Diffusion Transformer models incur prohibitive attention costs in video/image generation, hindering practical deployment. RainFusion2.0 introduces an online adaptive, hardware-efficient sparse attention framework that combines blockwise representative tokens, 3D window permutation, and a First Frame Sink to maintain video quality while reducing computation. The approach achieves up to 80% sparsity with end-to-end speedups of 1.5–1.8× across multiple diffusion-based generators and demonstrates generality across heterogeneous hardware such as NPUs/ASICs. This work enables broader deployment of DiT-based generators on diverse devices and suggests integration with quantization or distillation for further acceleration.

Abstract

In video and image generation tasks, Diffusion Transformer (DiT) models incur extremely high computational costs due to attention mechanisms, which limits their practical applications. Furthermore, with hardware advancements, a wide range of devices besides graphics processing unit (GPU), such as application-specific integrated circuit (ASIC), have been increasingly adopted for model inference. Sparse attention, which leverages the inherent sparsity of attention by skipping computations for insignificant tokens, is an effective approach to mitigate computational costs. However, existing sparse attention methods have two critical limitations: the overhead of sparse pattern prediction and the lack of hardware generality, as most of these methods are designed for GPU. To address these challenges, this study proposes RainFusion2.0, which aims to develop an online adaptive, hardware-efficient, and low-overhead sparse attention mechanism to accelerate both video and image generative models, with robust performance across diverse hardware platforms. Key technical insights include: (1) leveraging block-wise mean values as representative tokens for sparse mask prediction; (2) implementing spatiotemporal-aware token permutation; and (3) introducing a first-frame sink mechanism specifically designed for video generation scenarios. Experimental results demonstrate that RainFusion2.0 can achieve 80% sparsity while achieving an end-to-end speedup of 1.5~1.8x without compromising video quality. Moreover, RainFusion2.0 demonstrates effectiveness across various generative models and validates its generalization across diverse hardware platforms.
Paper Structure (11 sections, 5 equations, 3 figures, 1 table)
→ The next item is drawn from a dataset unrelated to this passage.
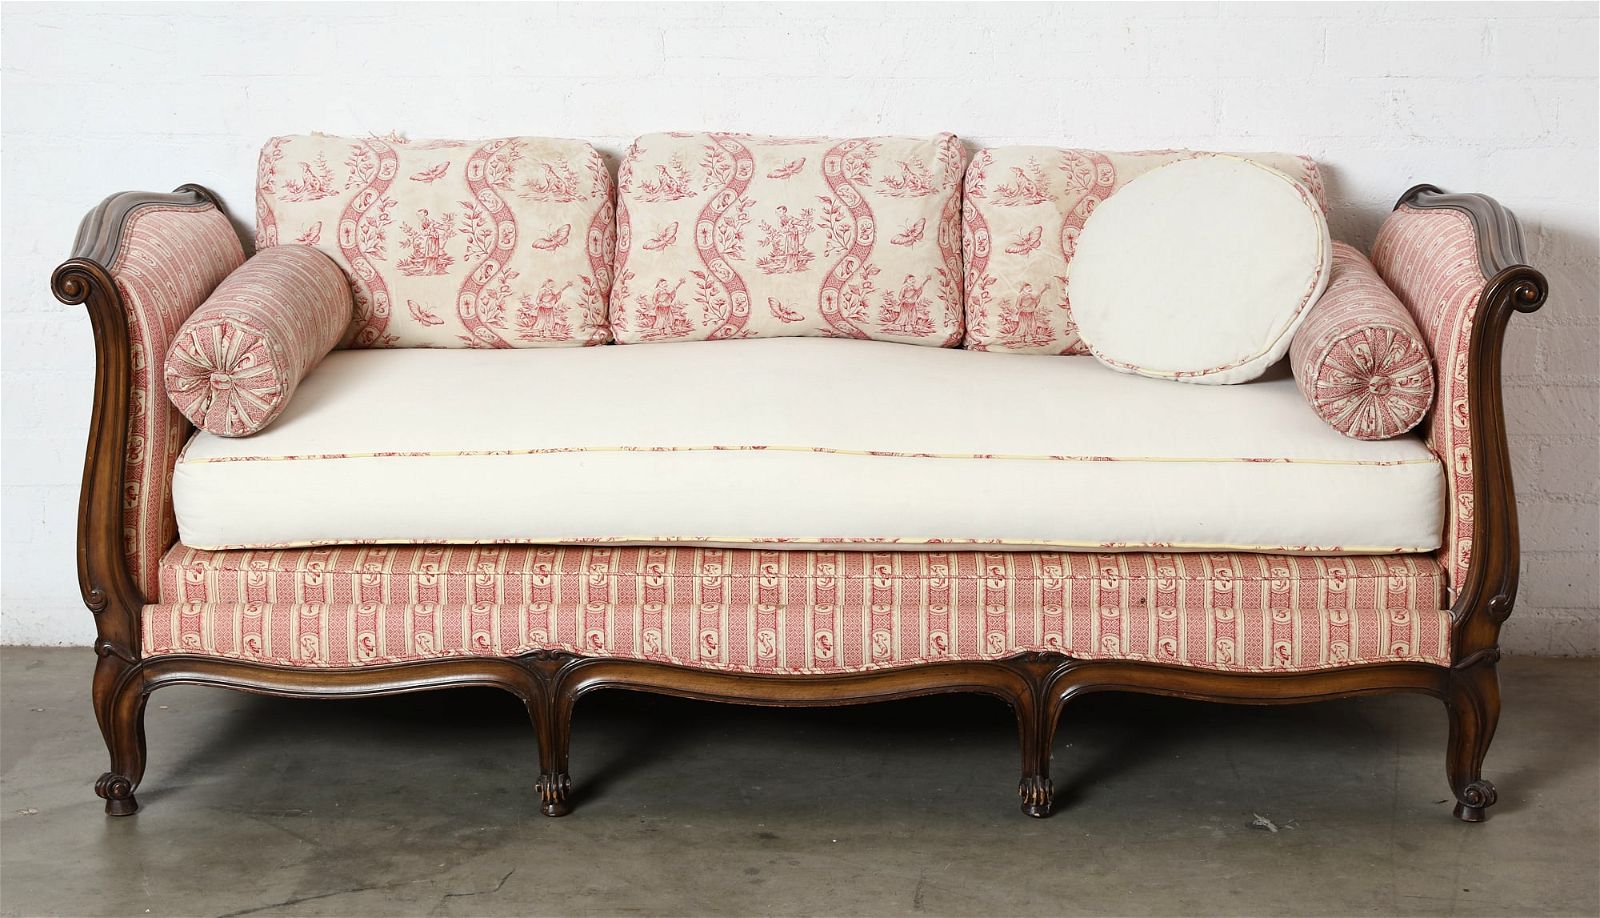 A LOUIS XV STYLE BEECHWOOD DAYBEDA 2fb2dca

This paper contains 11 sections, 5 equations, 3 figures, 1 table.

Figures (3)

  • Figure 1: Workflow of RainFusion2.0
  • Figure 2: Results of RainFusion on Diffusion Models. HunyuanVideo1.5 and Wan2.2 generate 720p videos under two configurations: full attention and RainFusion with 80% sparsity. Qwen-image-edit generates 1024×1024 images using RainFusion with 60% sparsity.
  • Figure 3: Experimental results on the Wan2.2 dataset. As shown in Subfigure (b), the video generated by RainFusion (80% sparsity, without 3D permutation) is overall comparable to that of full attention (Subfigure (a)). However, two prominent spurious rock artifacts emerge in the bottom-right corner of the video frame. In contrast, these visual artifacts are completely eliminated when 3D permutation is integrated into RainFusion (Subfigure (c)).